Electric Bikes – electronics and water!

Sounds like a bad combination doesn’t it? Yet after nearly 18 months of using two bikes in all weathers, we have never had an issue with electronics affected by water. Heat? Yes. Water? No.

Until yesterday that is, but it wasn’t the weather that caused the problem. Porirua City has a shared cycleway/footpath that runs along side the Porirua Stream and the Porirua Harbour, and is really convenient for missing out a lot of chaotic lunch time traffic and pedestrians when getting around town. So yesterday lunchtime I went in to get some masking tape for some signage I was working on, and as usual, as I entered the town, took a couple of sharp lefts to join the path. At this point the path drops down quite steeply to go under the “Ramp” – a major road into Porirua that crosses the motorway, railway, Porirua Stream and the cycleway in that order, descending as it does so (hence its name I suppose). However, when the tide is high, there is only about 170cm between the water and the bridge at the lowest end, and rather than have people bumping their heads as they walk or ride underneath, the pathway dips beneath the water! Only at high tide, the rest of the time it is fine.

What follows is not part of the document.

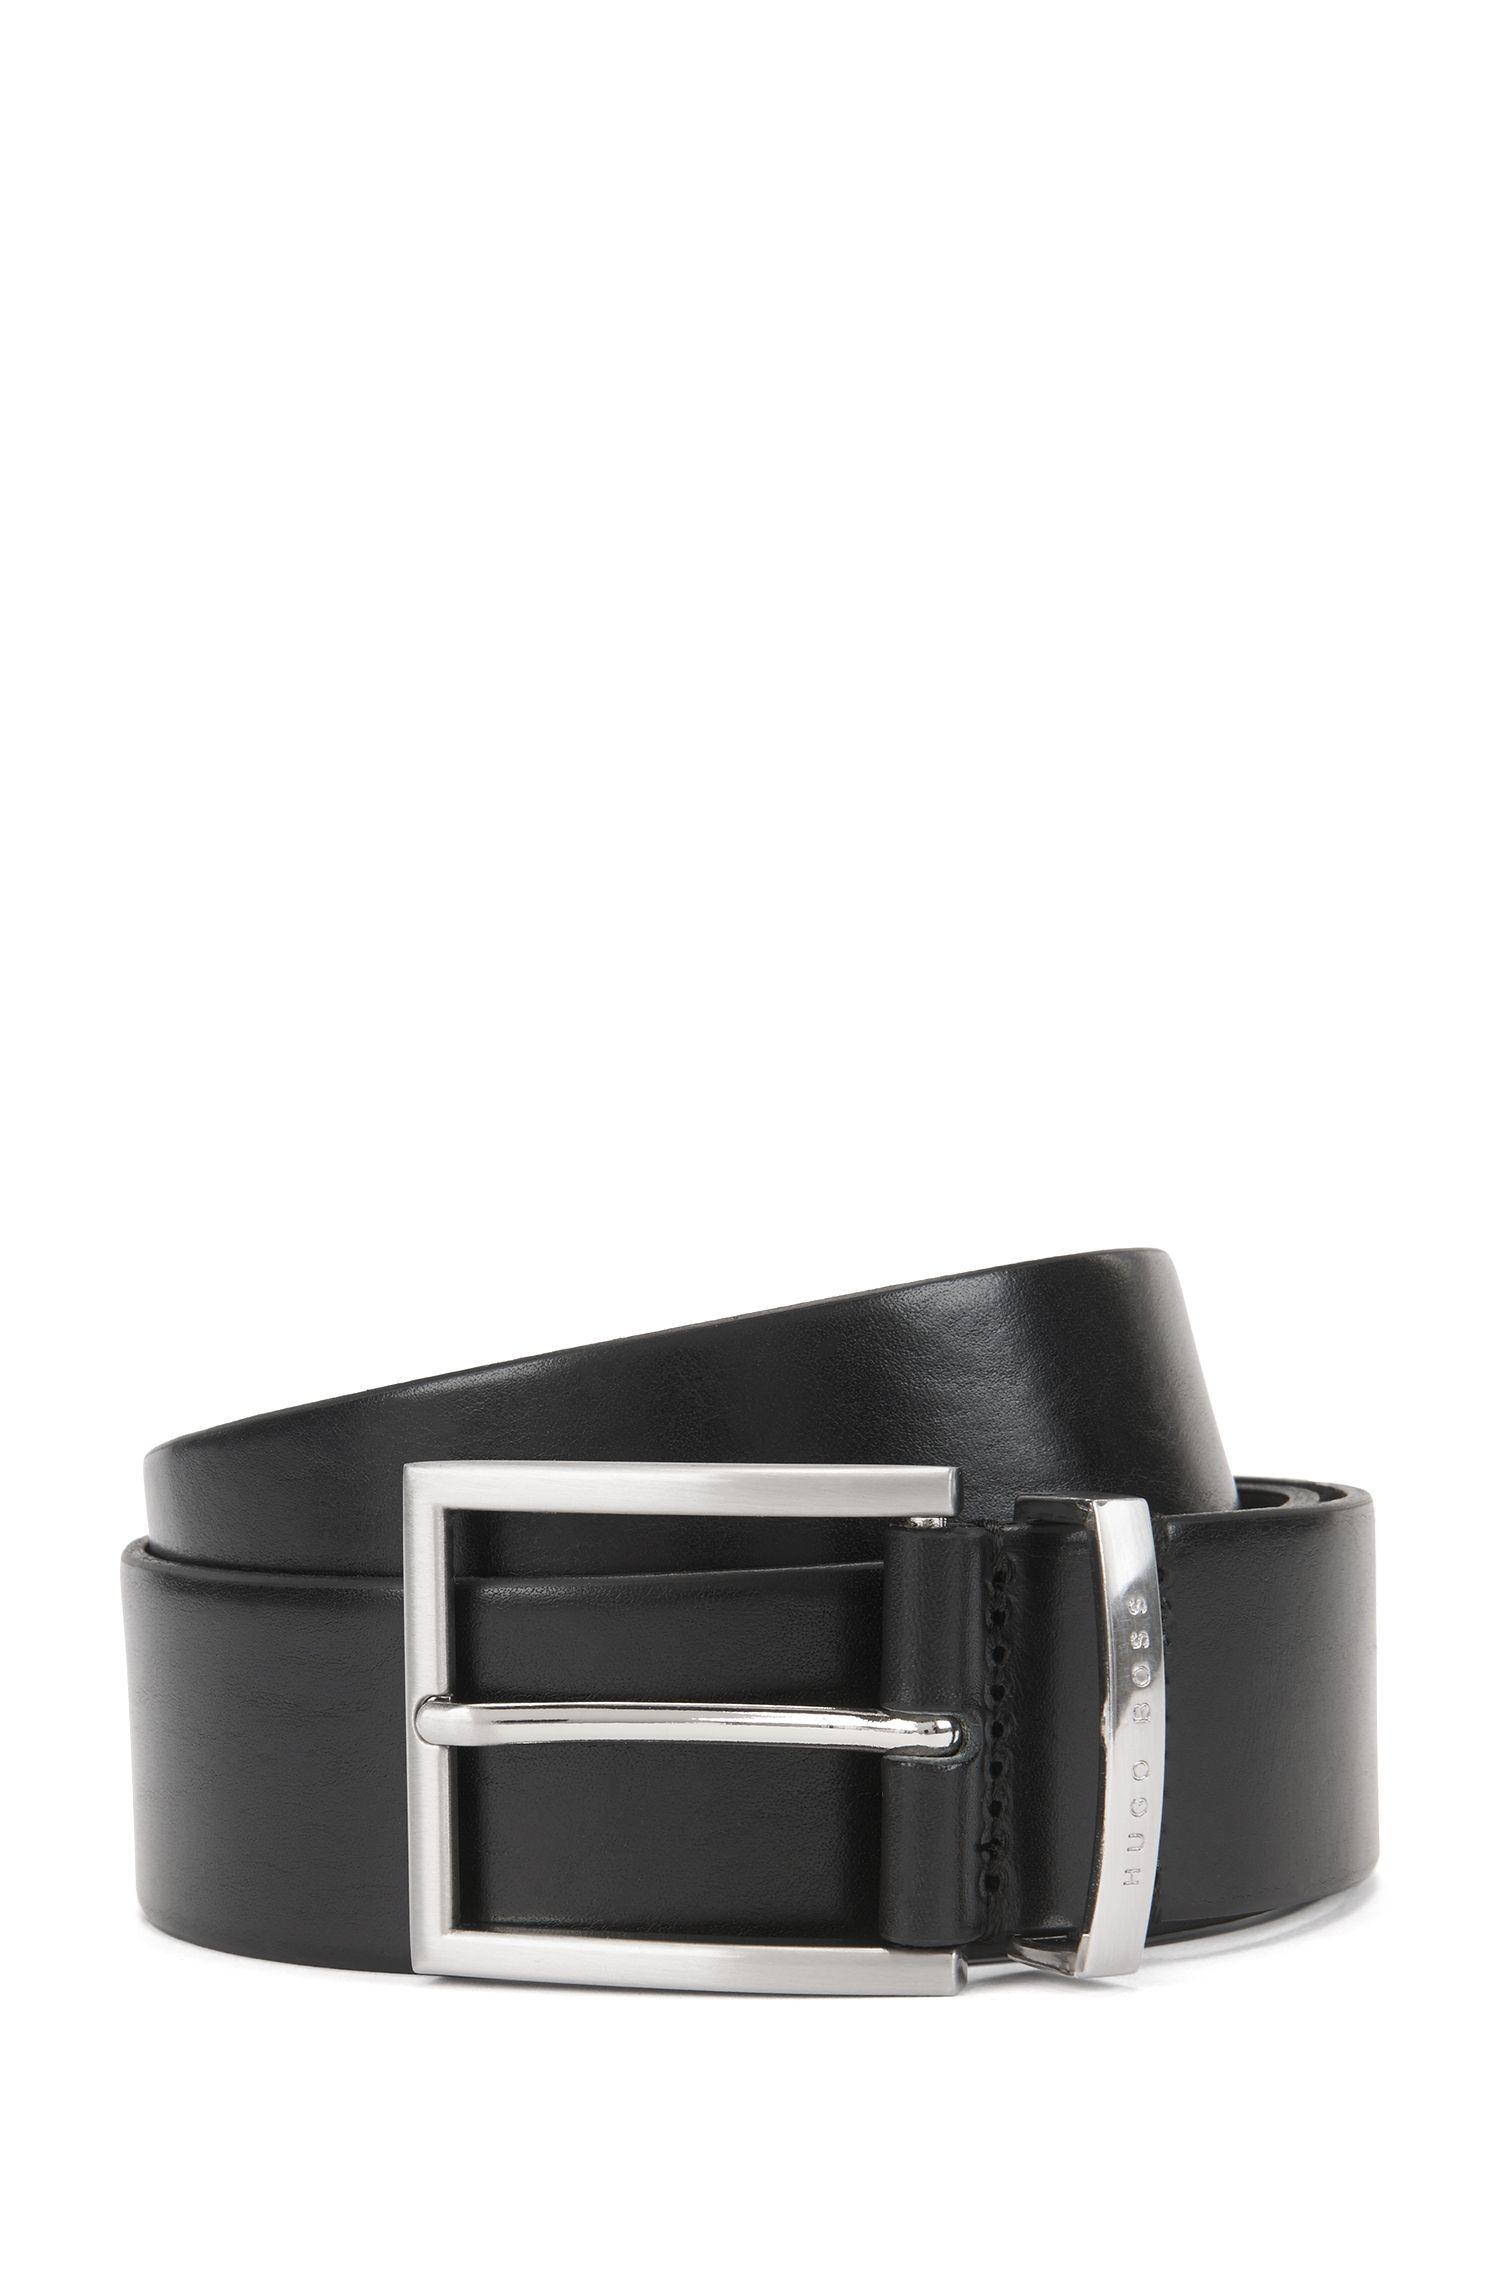 'Buddy' | Leather Belt

As the alternative is turning round and crossing a major road right next to a busy roundabout, I decided that only my wheels would get wet, so went for it. Not having ridden through deepish water for a few decades, I was quite surprised when my feet got very wet as I went through, mainly from the water thrown up by the wheel. Nothing else untoward happened, so as my feet were already wet, I repeated the act of silliness on the way back too. Using the throttle to get around the sharp bends back onto the Ramp was fine, but when I backed off the throttle and let the pedelec start doing its work – nothing! And nothing for the rest of the day either. I limped home on the throttle, which gives significantly less power than the pedelec, but does have cruise control. If I hold the throttle fully open for 6 seconds, then I can let go of the throttle and I will have full throttle until next time I brake.

The pedelec sensor is down next to the bottom bracket, and because of our slightly unusual bikes and electronics, the pedelec bracket and the hall sensor module are  customised somewhat. The hall sensor module had some silicon in it when I started to customise it, but probably a lot less by the time I reassembled it and got the bike working. My bad!

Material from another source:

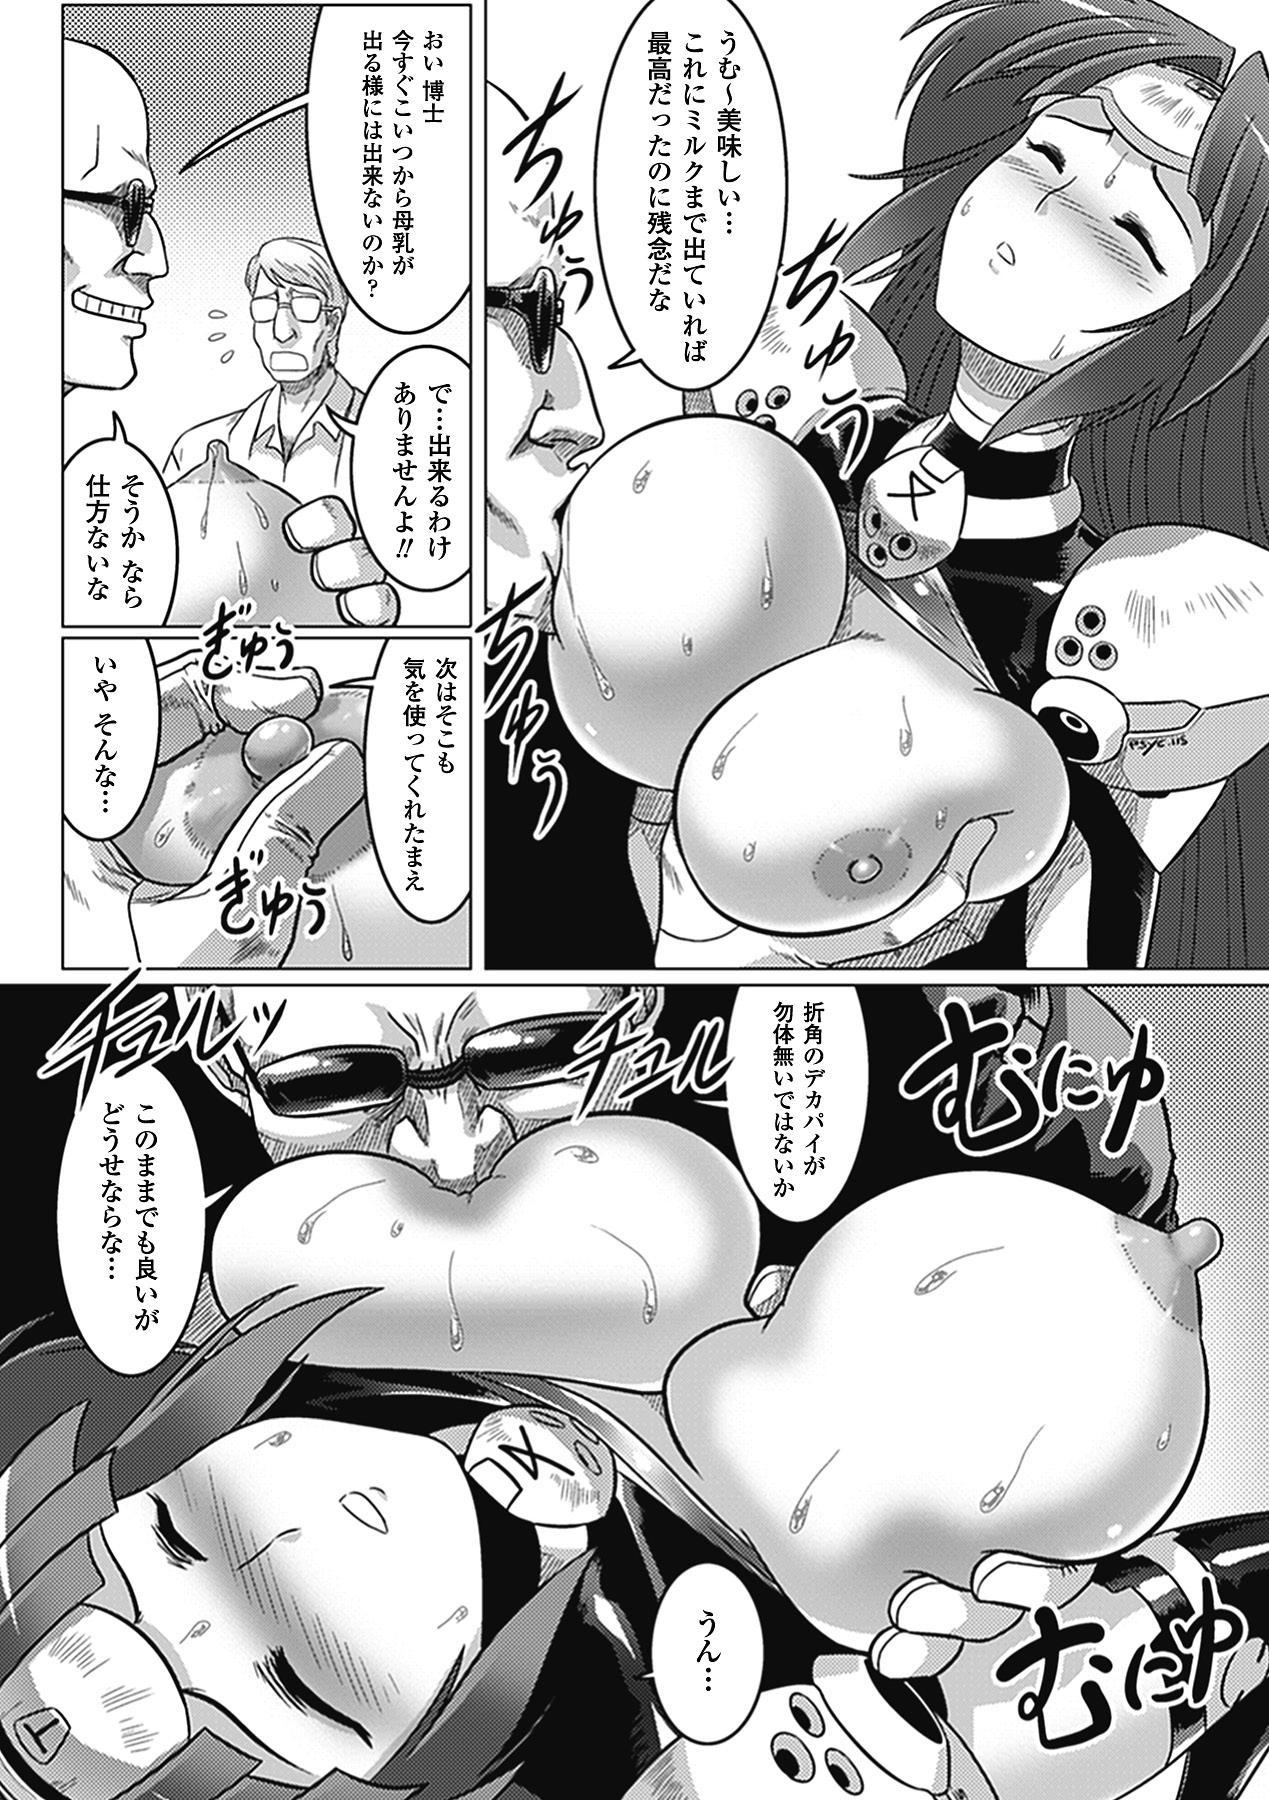 Megami Crisis 5 113

Last night before I went to bed, I sprayed the sensor with WD40, hoping it would penetrate and repel the water, and after about 1km or so this morning the air movement must have forced the WD40 into the sensor, and everything was fine again. When I get a quiet hour or so I will remove the sensor and reseal it with silicon, and take a look at the other bike too.

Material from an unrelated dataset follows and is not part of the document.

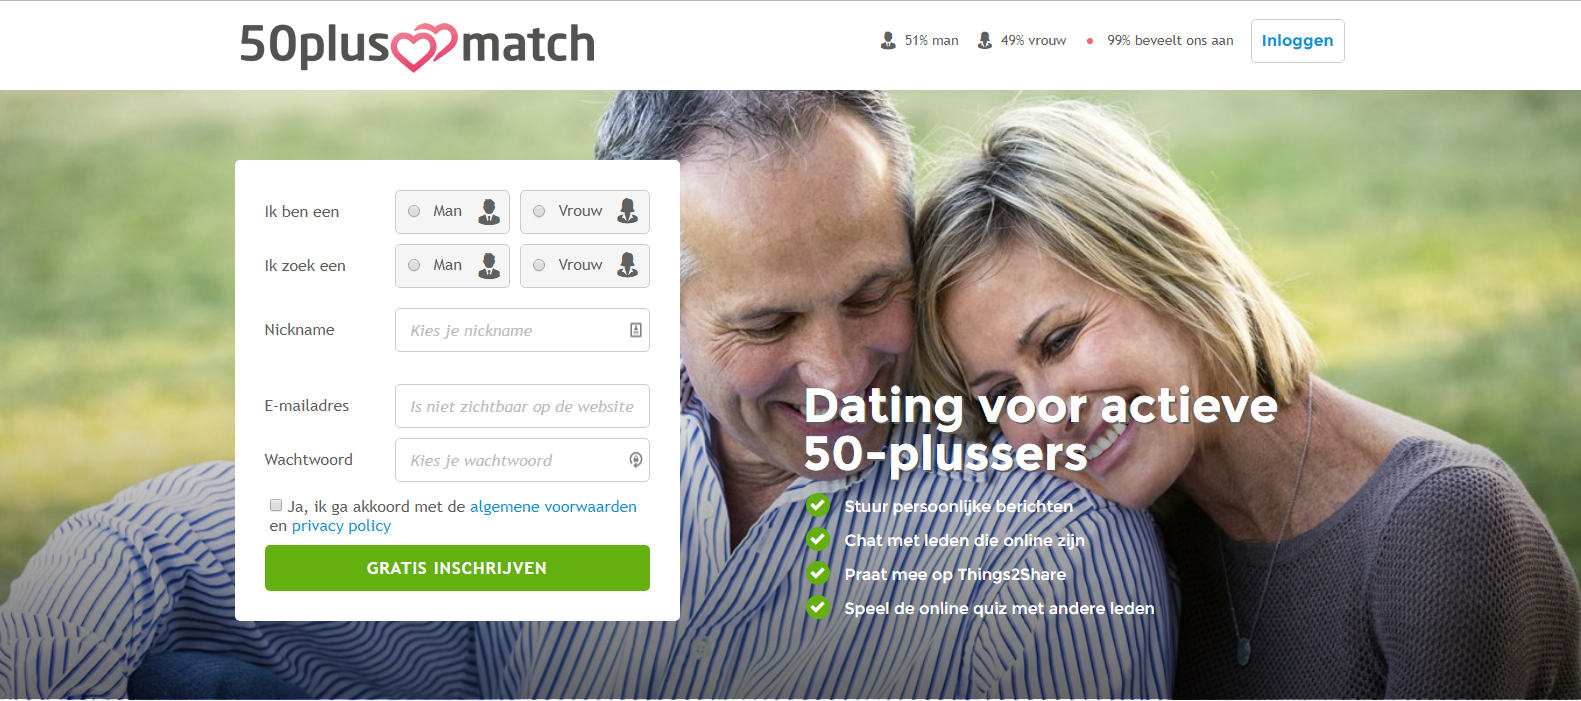 beste vriend dating website Prank Call dating service

I have just replaced the rear tyre again, third in 4500km. At $50 each its worse than replacing a car tyre cost wise! When the tyre gets low on tread, the antipuncture strip seems to stop working, and once again I got a series of punctures, last time it was a piece of glass, this time it was a piece of wire. Anyway, one new puncture proof tyre, along with a thorn proof tube, and I should be good for another couple of thousand kms!